I say sad and I say miserable but there are different kinds, like when your dog dies and it sucks but that kind of sadness is one that grows inside you, born of healthy feelings and normal responses, warm and not nearly as self-destructive and then there is the kind that descends over you like a blanket that you wrap around yourself in ways you can’t remember later until it feels like it’s just spun itself into your skin, a physical barrier between you and everything around you, filtering out everything until all that’s left is shades of muted grey and crimson–and why crimson where does that even come from and grey is such a fricking cliché — and it’s foreign and alien and familiar and what does one even say to that.

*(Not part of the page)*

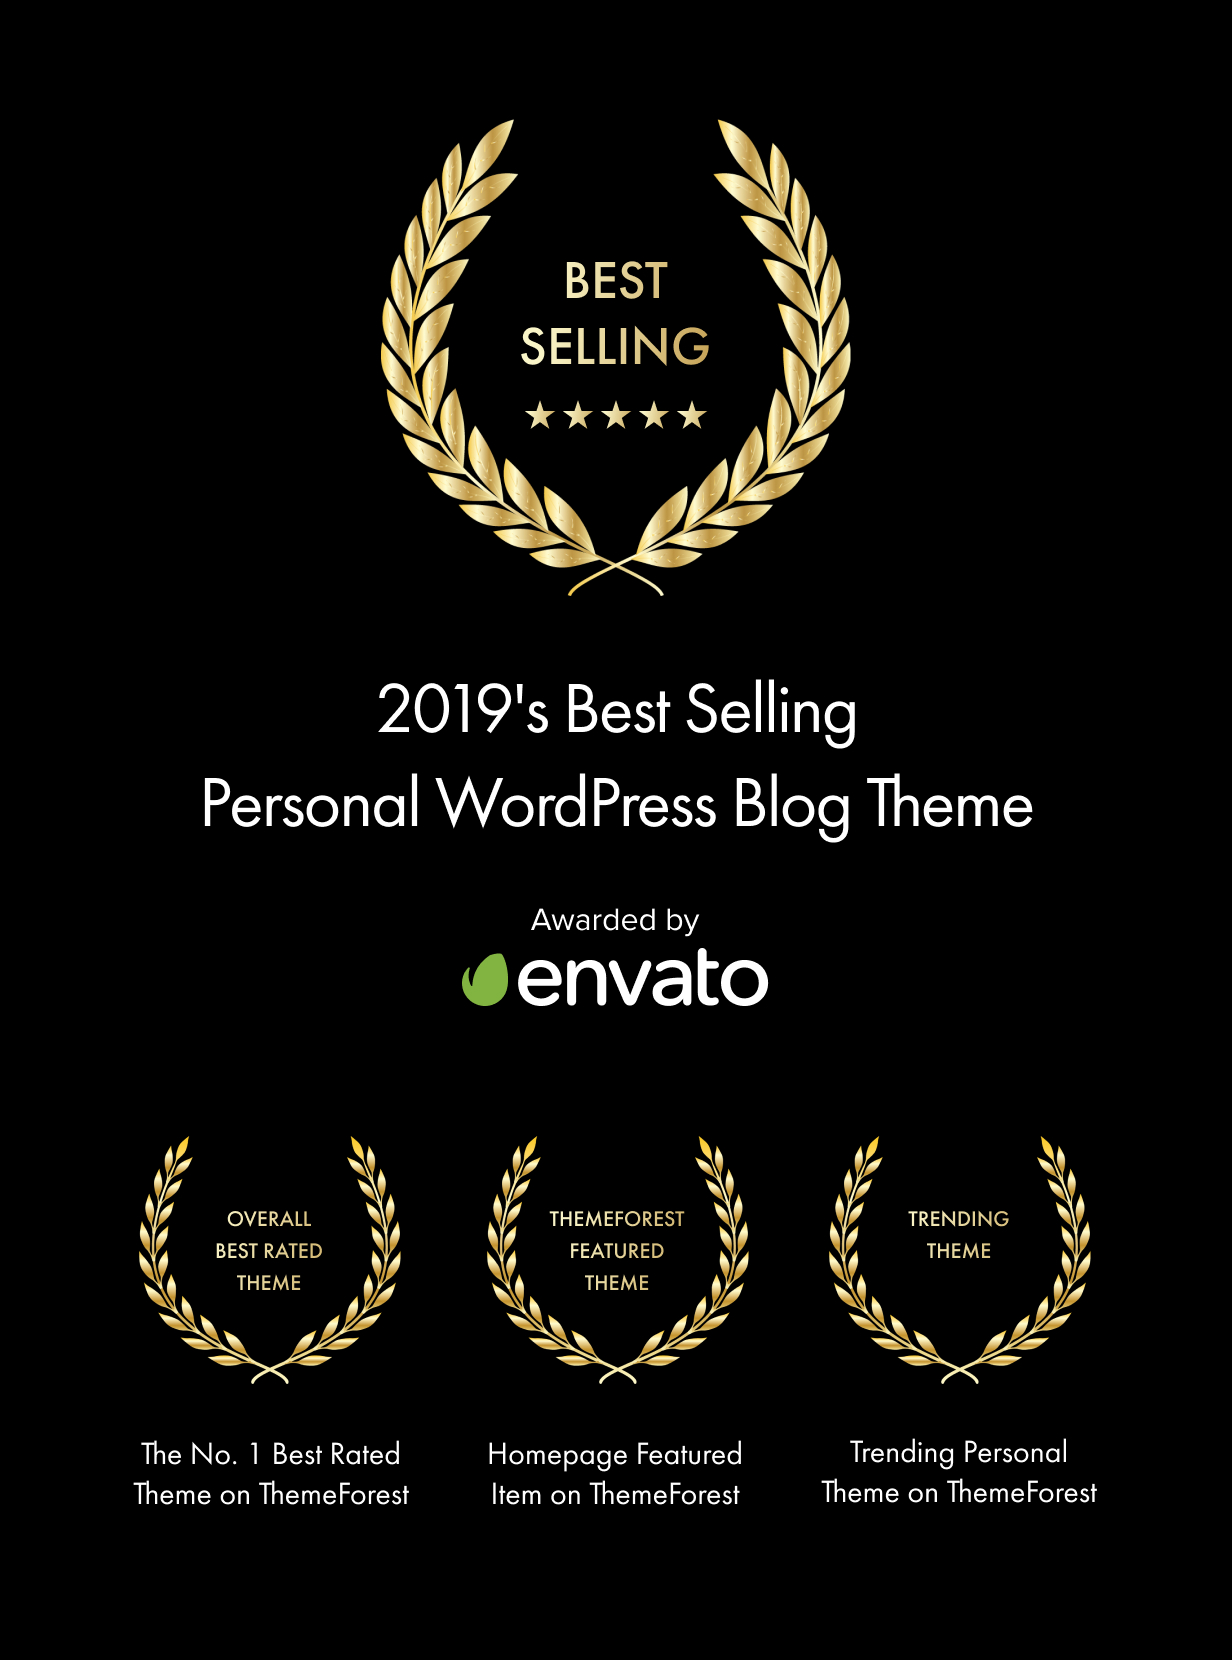 Tema de blog de WordPress personal más vendido de 2019

It is so messed up to describe any sort of sadness as flippin’ “warm” of all things but I speak in relative terms. It’s warm in the way the lump that surges up in your throat eventually goes away, and your eyes may be scratchy but you feel like you’ve been scrubbed clean, like there is a new day and the last one sucked, sure, but this one doesn’t have to. It’s warm in the way that you don’t find yourself drained and empty and pathetic, but just upset and exhausted while being secure in the knowledge that it’s temporary. It’s warm in a way the other kind of sadness isn’t, in a way that doesn’t leave you satisfied and avenged when you don’t eat or get out of bed or attempt to make things better for yourself. It’s warm in a way that doesn’t compel you to self-sabotage in ways nobody else notices.

The other kind is just plain cruel. Shaky hands and dim rooms and self-loathing.

I’m not lazy, I’m not making excuses, I’m just incredibly, terribly off.

(And I am sorry, I am, but I don’t know how to fix it)

 

Yours Truly,

sign-off

 

P.S I haven’t been around for a while and I apologize for that. I also apologize for coming back just to post this depressing thing but I really needed to just get it out. Thank you for putting up with it.